Hence, the total Fargate compute charges were equal to $0.569916 in this discussed case.

Summary & Comparison

AWS Fargate offloads responsibility for the underlying Amazon EC2 instances. On the other hand, managing EC2 instances gives more control of server clusters and provides a broader range of customisation options. Access to these container instances can be useful for some purpose, like installing advanced software or debugging. Amazon ECS with the EC2 launch type turned out to be a cheaper container orchestration service than AWS Fargate. Images were processed slower, but the total compute charges were lower, so the business goal to run containers at the lowest possible price was achieved.

However, this solution would require even more administrative effort to optimise the auto scaling and get better results – for instance, by using step scaling with appropriate thresholds.

Using AWS Fargate, configuring the infrastructure and launching tasks is simple, and we no longer have to worry about provisioning enough compute resources for the container applications. Moreover, the images were processed faster in the tasks with the Fargate launch type (10,000 files in approximately 12 minutes) than with the ECS launch type (10,000 files in about 16 minutes), because the Fargate tasks were not terminated and relocated on the new EC2 instance.
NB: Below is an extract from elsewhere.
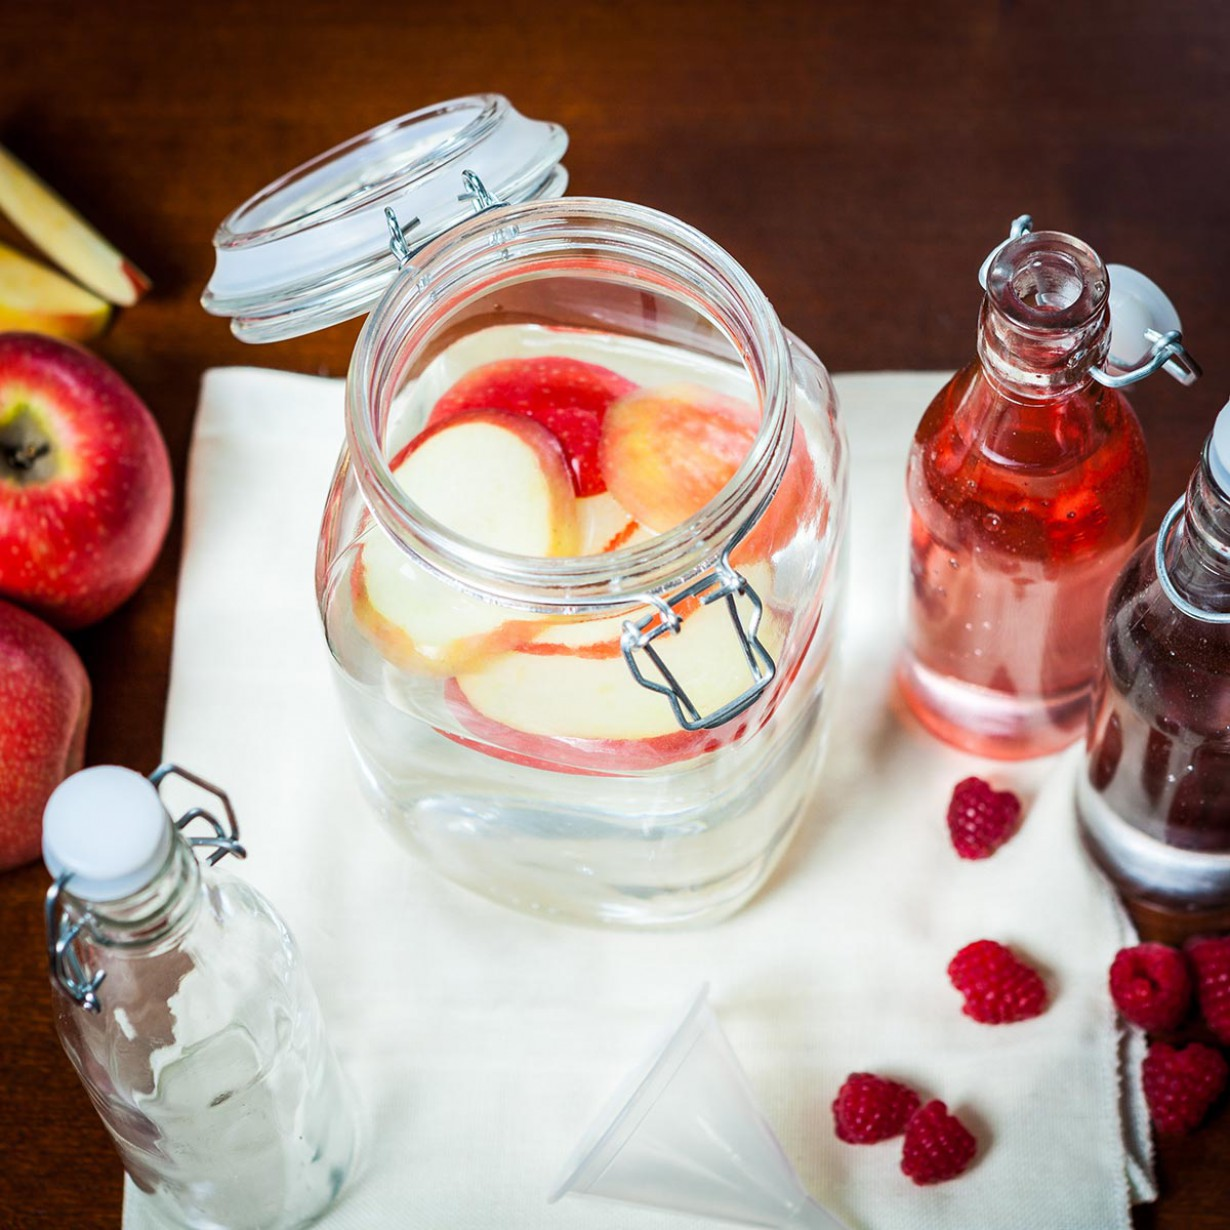 kit d'infusion vodka
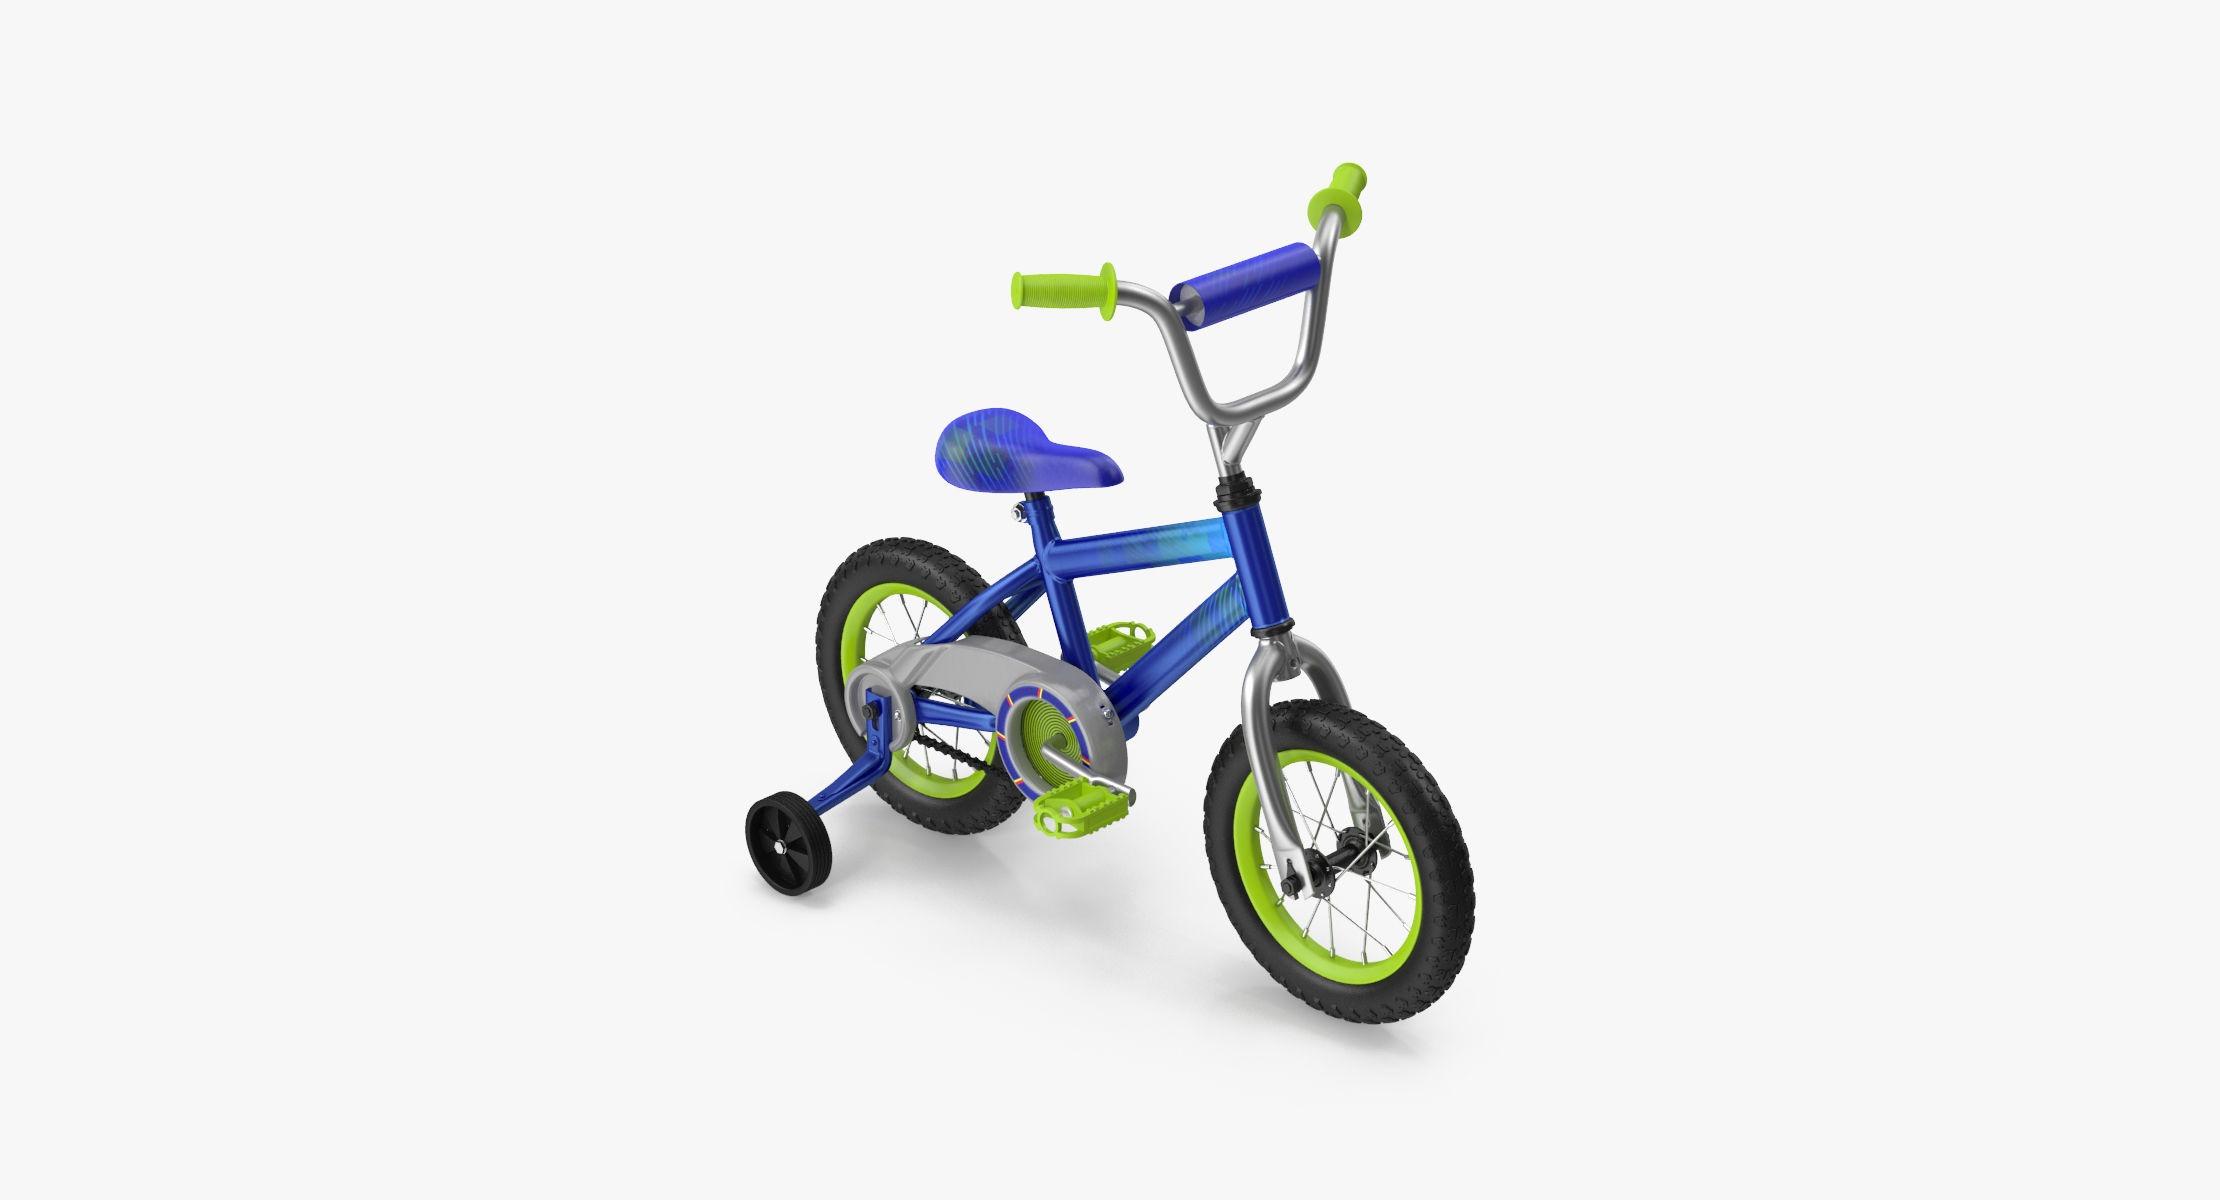 Little Boy Bicycle - reel 1

This meets the business objective to process 10 thousand photos in less than 30 minutes.

Moving Forward

For the hypothetical photography company behind this scenario, the most important aspect is the time to market and eliminating the administrative overhead, so the best option is to use AWS Fargate. If changes in the architecture of the application would come into play, however, we would recommend using AWS Serverless with AWS Lambda.

As a PoC, this experiment has proven the different merits behind different AWS tools, which can be chosen to suit the most important business needs. Moving forward, both options could be developed further and supported with additional instances. Likewise, the underlying technology here isn’t limited just to image processing, as it could also be used publishing digital content, handling business orders (as well as their subsequent delivery), audio transcriptions, plagiarism analysis and more. All of these examples can use the underlying framework built here.

Business Perspective

With the Cloud and AWS technology, there’s more than one way to achieve any goal. However, each method has its own particular strengths, so designing a solution that meets the most important business objectives, whether it’s time to market or long term overhead costs, can influence the final decision. Nonetheless, effective testing of these solutions enables us to make the best recommendations for each and every client.